Так вот день за днем Канада ослабляла свои объятия, отпуская нас, а мы день за днем накапливали усталость; но уставали мы не столько друг от друга, сколько от неизменных тяжелых пальто на коллегах, от слишком примелькавшихся чемоданов. То, что казалось романтикой дальних странствий по пути на Запад (разобрать декорации, отправить загруженные грузовики от театра, разгрузить их в багажный вагон, сесть – когда ты уже без задних ног – в три часа ночи в поезд, найти свою полку в тускло освещенном спальном вагоне, изобилующем занавесками), стало приедаться. Теперь нас обуяла другая лихорадка – лихорадка возвращения домой; но мы были профессионалами и держали себя в руках, а потому в течение двух последних недель в Монреале играли с особым блеском. Потом мы погрузились на корабль, сэр Джон и Миледи получили прощальную телеграмму от мистера Маккензи Кинга (который, казалось, был большим другом театра, хотя внешне ничем на театрала не походил), а когда гавань очистилась ото льда, мы первым рейсом отбыли в Англию.

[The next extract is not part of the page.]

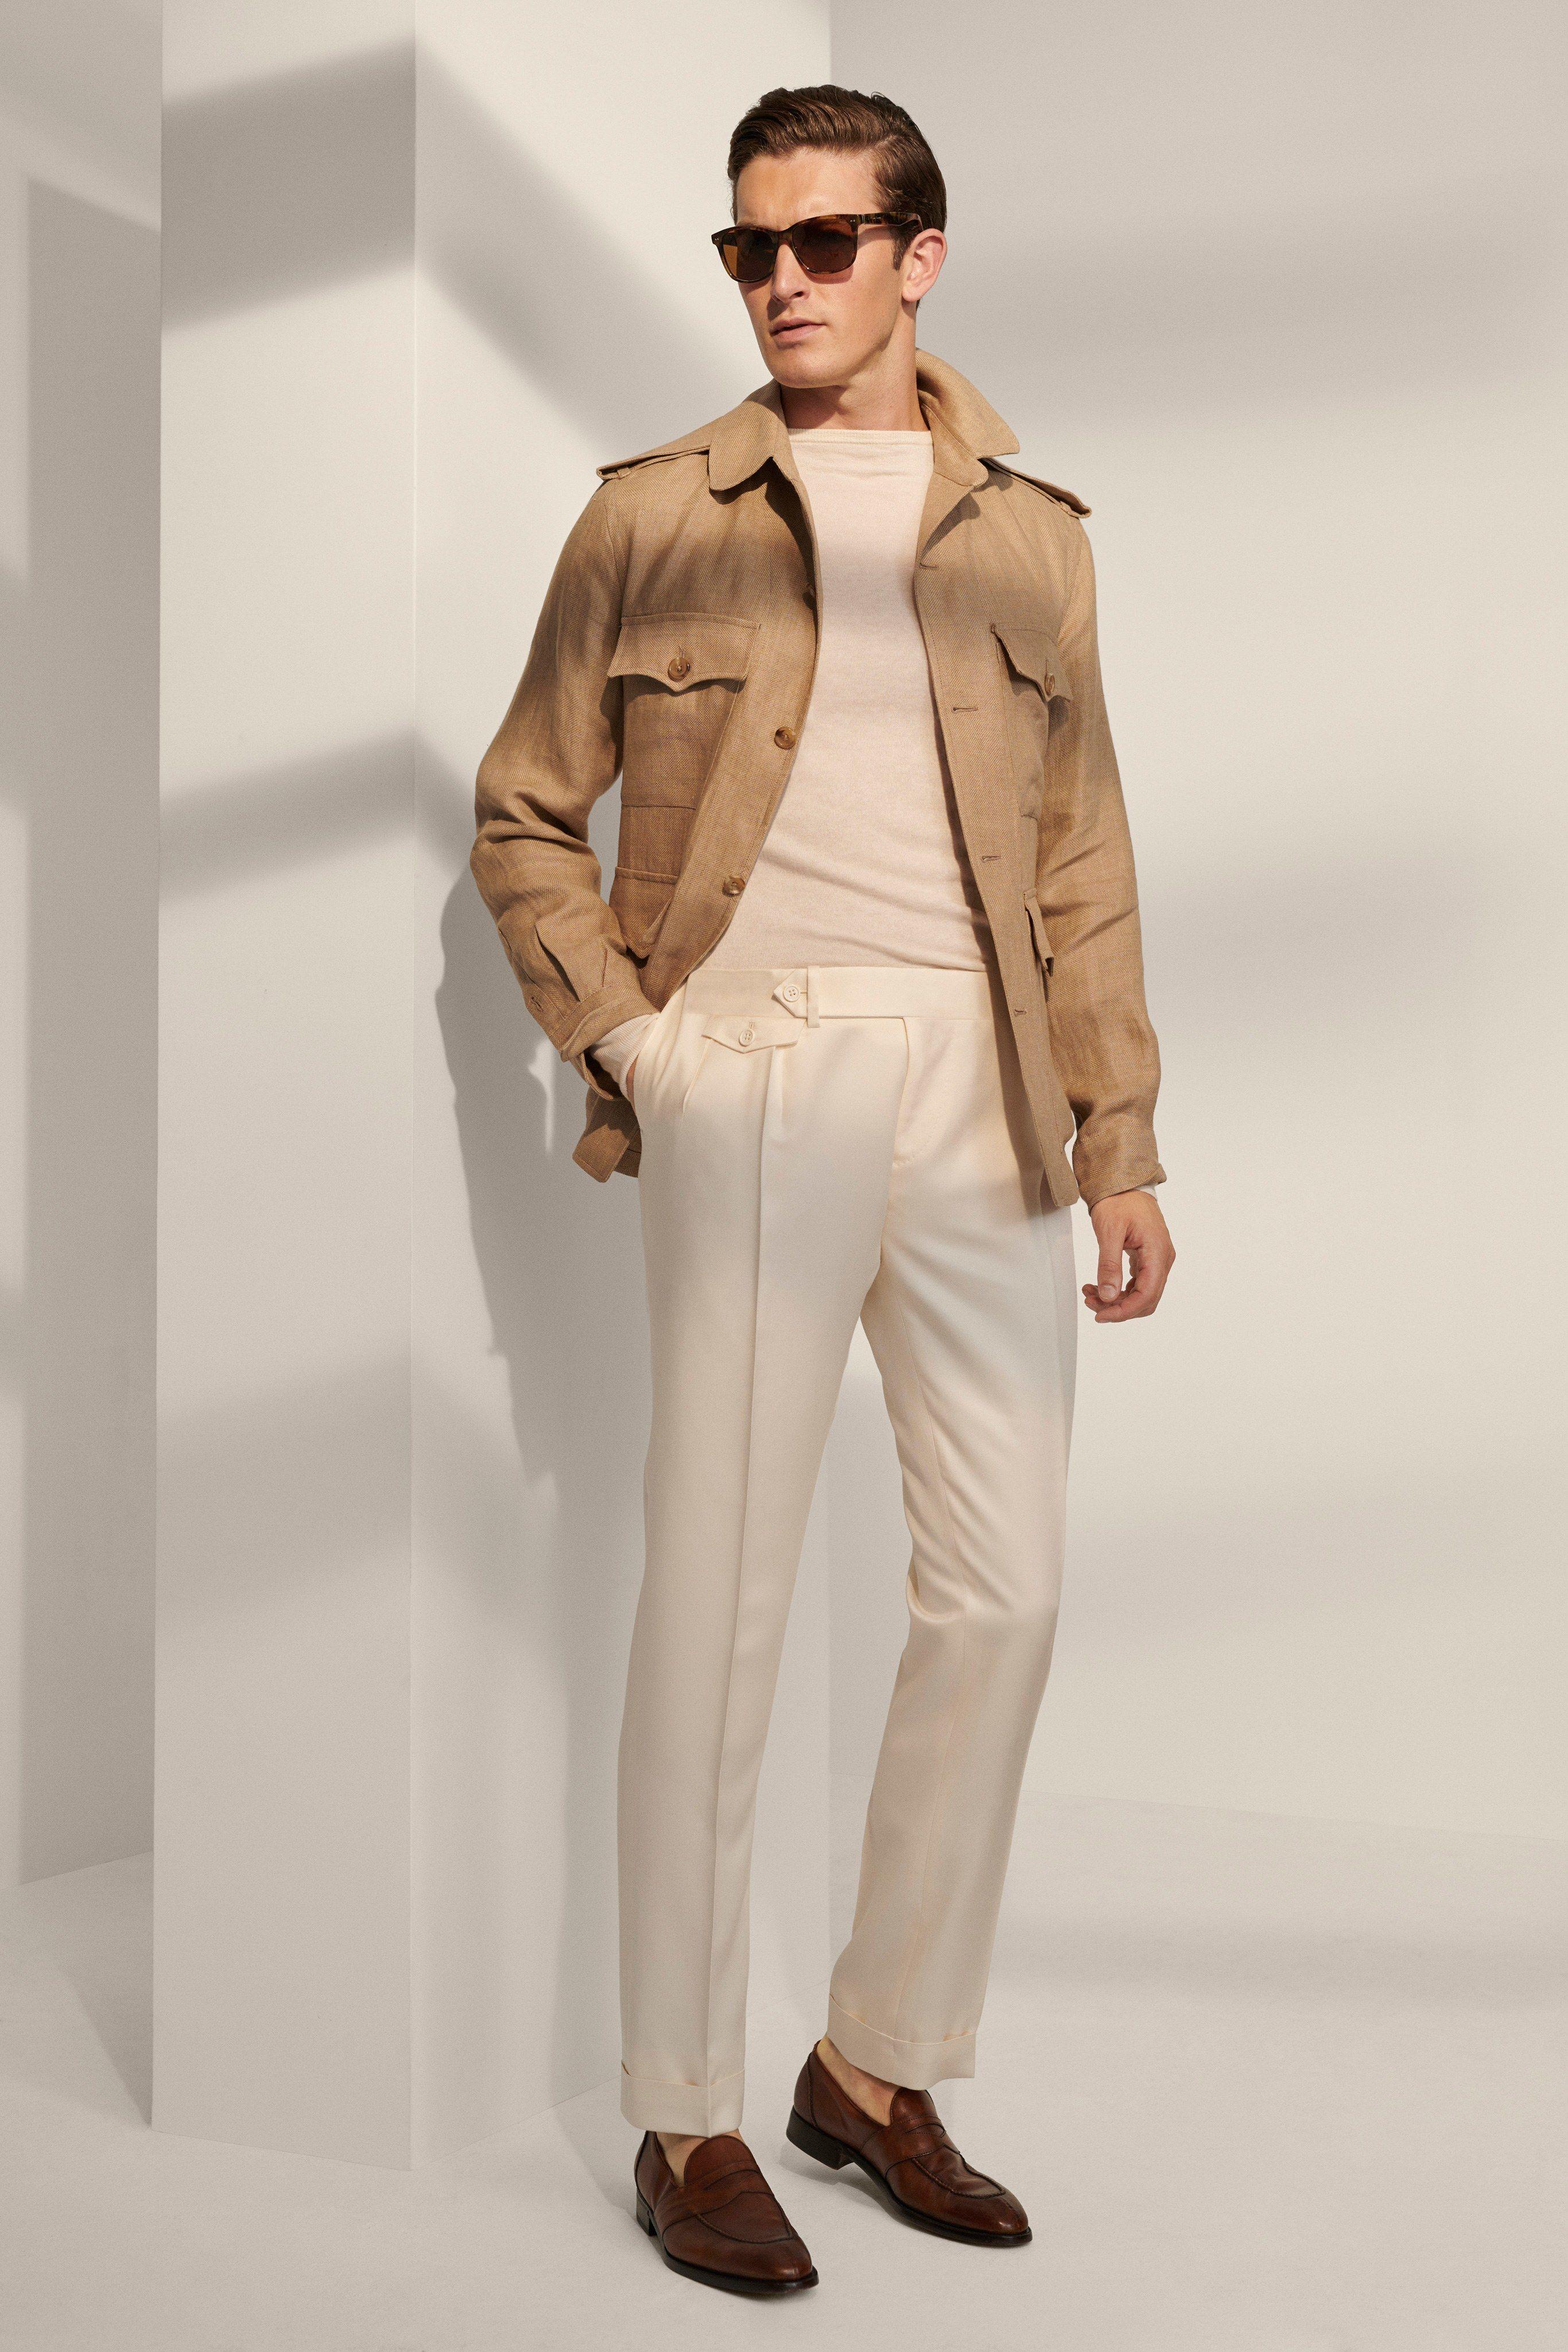 Ralph Lauren Spring 2020 Menswear Fashion Show Ralph Lauren Menswear Menswear Mens Outfits

   За время гастролей я сильно изменился. Я учился одеваться, как сэр Джон; для молодого человека такой стиль был довольно эксцентричен, но, по крайней мере, не вульгарен. Я начал говорить, подражая ему, и, как это часто случается с начинающими, перебарщивал. Мало-помалу я стал утрачивать убежденность в том, что весь мир против меня, а я – против всего мира. Я снова был на родной земле и примирился с ней со всей, кроме Дептфорда. На обратном пути, на перегоне между Виндзором и Лондоном, мы проезжали Дептфорд. От проводника я узнал, что поезд ненадолго остановится там, чтобы паровоз заправили водой. Но для моих целей этого было вполне достаточно. Когда локомотив, пыхтя, миновал песчаный карьер у железнодорожных путей, я уже стоял на ступеньках последнего вагона, а не успели мы въехать на станцию – такую маленькую и такую знакомую, – я соскочил на платформу и обвел взглядом часть городка, доступную взору из-под навеса.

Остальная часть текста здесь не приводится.